The Home Office or Studio
If you use a room (or rooms) in your home exclusively for your writing you will probably qualify for the home office. The use of the room can be a rehearsal space, storage area for equipment, teaching space, record keeping for the business, marketing, etc. The home office is a fairly straightforward deduction to calculate on form 8829. It simply utilizes a formula based on the square footage of the business portion (the home office) of your home vs. the total square footage of the house or apartment and applies that percentage to all associated costs. The costs could include rent, mortgage interest, real estate taxes, condo fees, utilities, insurance, repairs, etc. Other rules that come into play here include the "exclusive use" requirement. This rule states that the home office must be used only for the business no "mixed use" allowed. In other words, the home office cannot be part of a larger room such as the living room unless the business part is partitioned off in some way. The home office can be a powerful write-off as it allows the writer to deduct a part of what were non-deductible personal expenses. Look into the alternative "Simplified Method"; it is easier but offers a much smaller tax deduction.

Other Unique Deductions
Writers have other unique deductions that are considered personal for most other taxpayers. These include books for research and professional enrichment, streaming music and video, audible books, tickets to plays & movies for script research. Remember not to get greedy on items like tickets, books and streaming services. The IRS loves to attack deductions such as these. But they are allowed since writers must keep up with trends in their profession. Most tax preparers call it "research," but be prepared to justify it. In any case do not deduct EVERY concert or show you attend or book you buy in the year; they can't all be "research." This also holds true for streaming music and videos, audible or digital books, DVDs, and CDs since some purchases must be for personal pleasure alone.

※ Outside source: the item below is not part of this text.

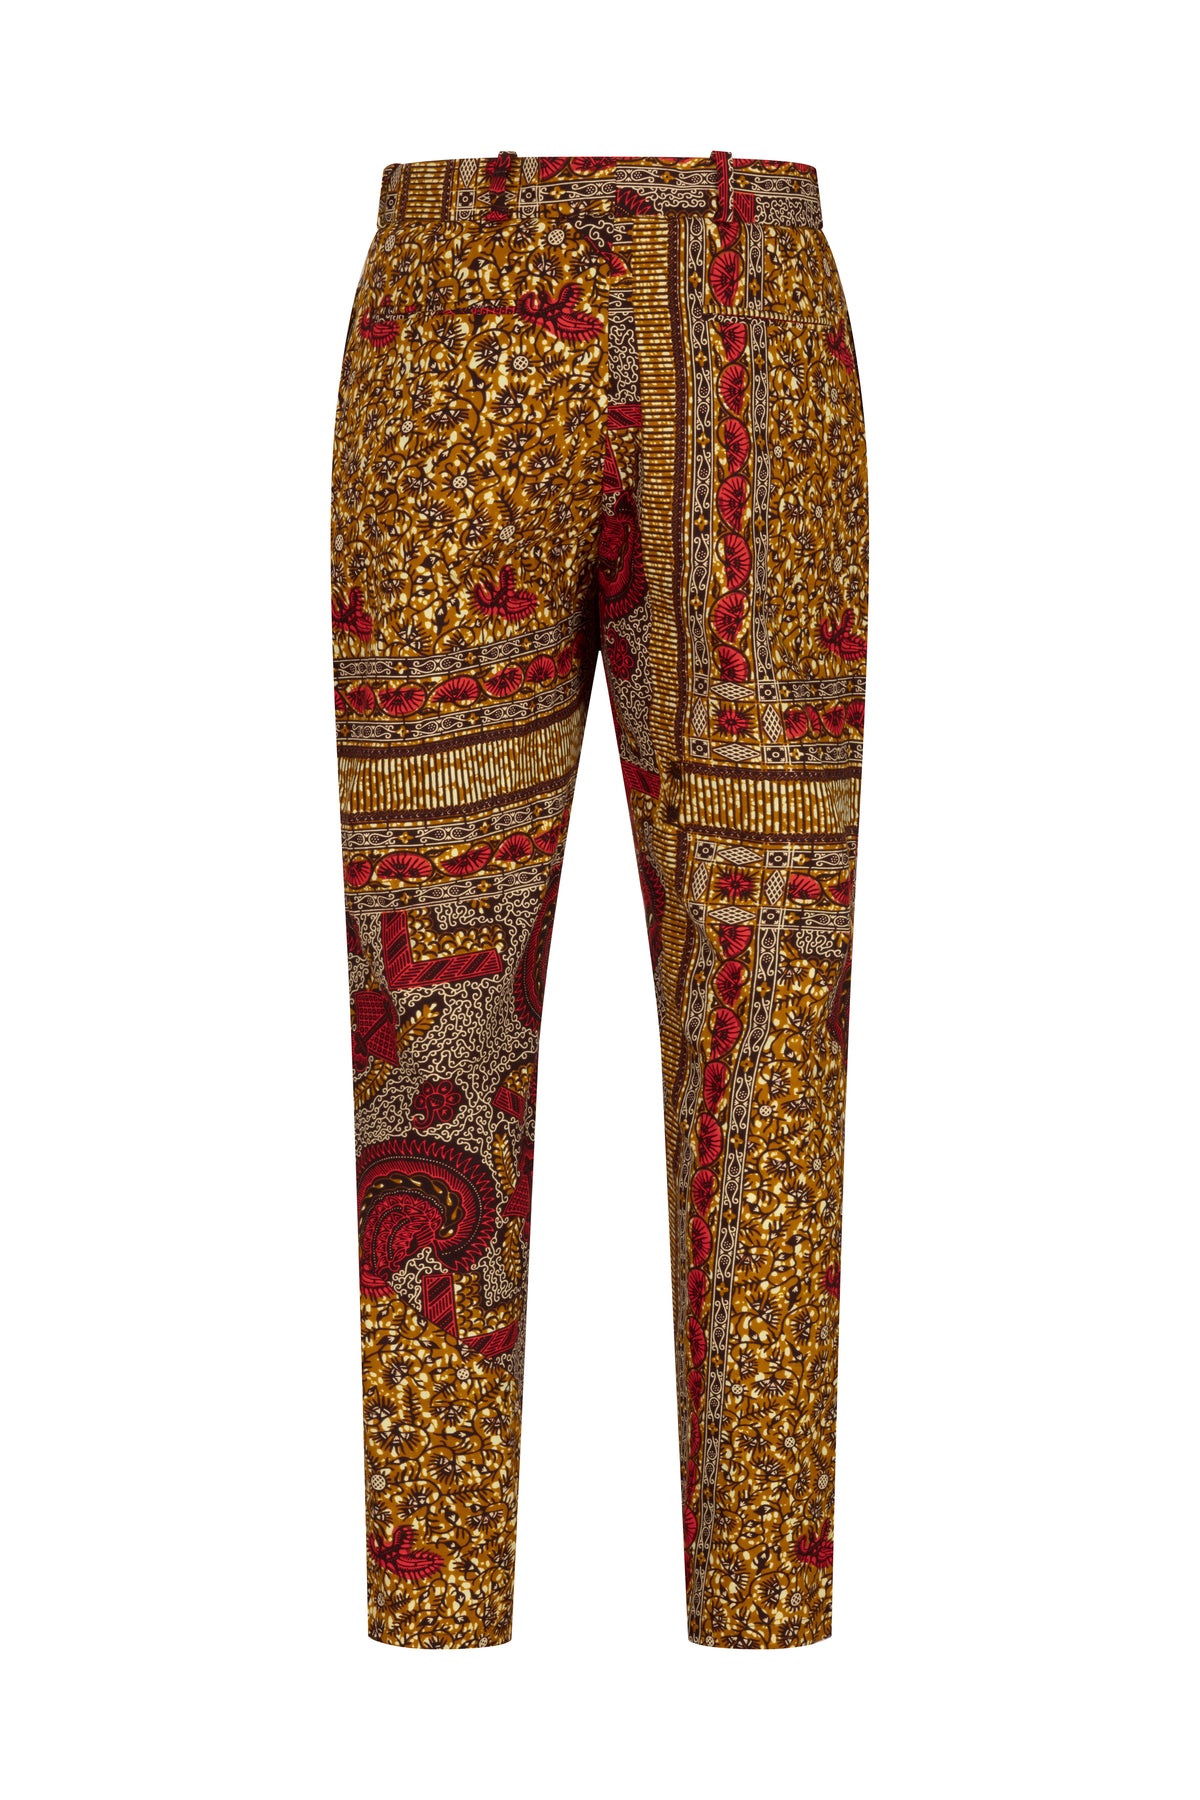 Osei straight leg trousers-Golden - OHEMA OHENE AFRICAN INSPIRED FASHION

Remember that this outline is not intended to be the whole story. The Federal Tax Code is very complicated and your specific applications should be reviewed with a tax professional before filing your taxes. The writer is unique in the world of taxes. When you are shopping for a tax preparer please make sure they have some experience in taxation for writers. Also, organize your numbers using our attached worksheets (and bring along this article), it will make the process easier, cheaper and will help you maximize your deductions. Ask your preparer about other tax saving strategies for self-employed individuals such as retirement plans, health insurance and deduction timing.